There is corruption, there is waste, perhaps even the $800 billion
worth Republicans have argued exists, even as they try to prevent the
top 2 percent of Americans from paying the rates they once paid under
President Clinton.
All
these things are important. But they pale next to the challenges we
face that literally threaten to plunge the world, let alone our
nation, into turmoil.
Climate
change, along with more severe weather patterns, drought, and rising
sea levels, poses economic as well as "natural" disaster
risks.
The
Middle East mess, for which both our initial good intentions and our
current loss of leadership and vision are at least partially
responsible, could trigger regional and perhaps world warfare that
makes Book of Revelation-style doom a reality.
Chemical
weapons stockpiles in Syra and terrorists with access to those.
Iranian nuclear weapons, and the same old hatred of Israel that
threatens yet another war of genocide against the Jews in a new
century.
And
in the middle, Palestinians now generations into their unwanted role
of hot potato being tossed between Arabic power brokers, Israel and
the nations supporting both sides.
Famine
grows in Africa. Drought threatens even America's bread basket.

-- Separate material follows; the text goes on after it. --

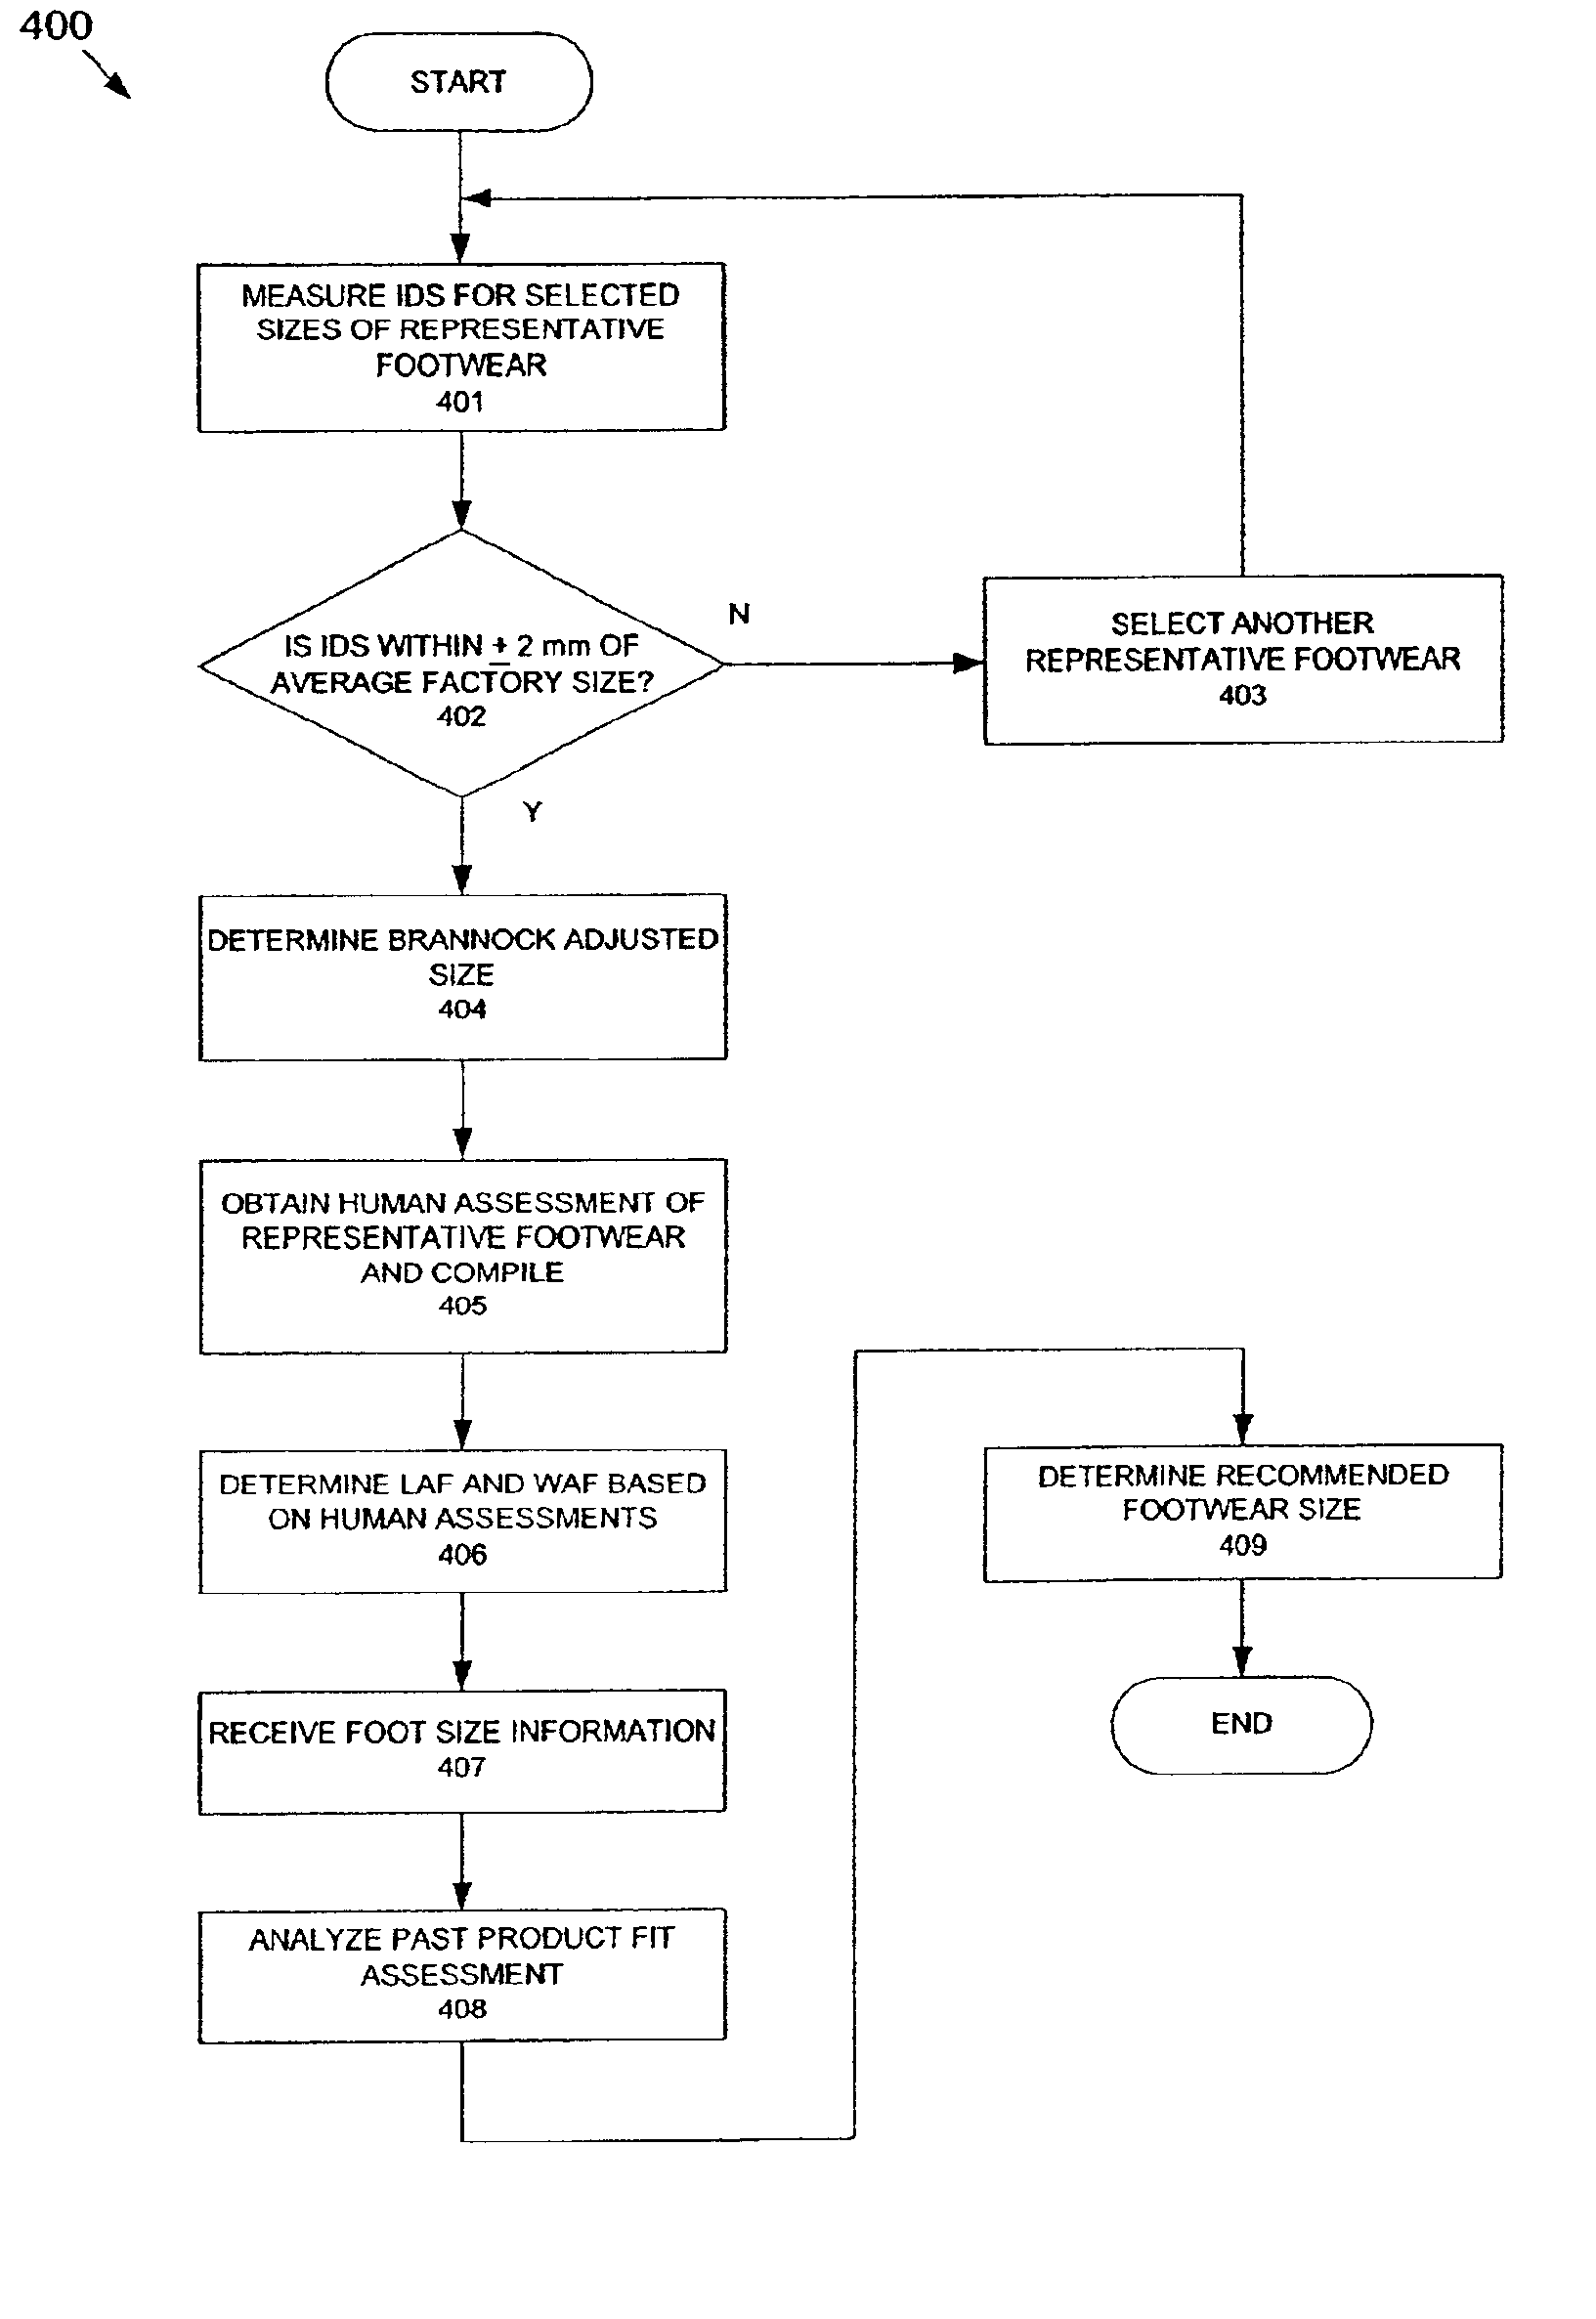 System and method for sizing footwear over a computer network

Energy costs soar, leading to rising prices amid static, even
retreating incomes that are eroding the Middle Class.
There
is also, perhaps more important than all these things in the long
run, a moral and cultural erosion that seems only to be accelerating.
We
don't need to argue specifics of the rights for gays, minorities and
the unborn to agree that broken families and fatherless families are
turning out troubled kids, many of whom seem devoid of morals or
respect for life and property.
Like
our economy, foreign policy and morals, the family unit that is the
cornerstone of any civilization seems bankrupt.
Bottom
line: It is ALL unsustainable.
So,
pretty bleak, yes? Beyond our abilities to solve, probably.
That's
why there's faith. And with faith, in God and each other, we can
address each and every one of our challenges. One at a time.
It
starts with knowing that, and acting on that. It can start with a
smile, a hand up, a prayer and decisions that are based on treating
the Other as we would like to be treated.
Pass
it on.
It
is our only hope.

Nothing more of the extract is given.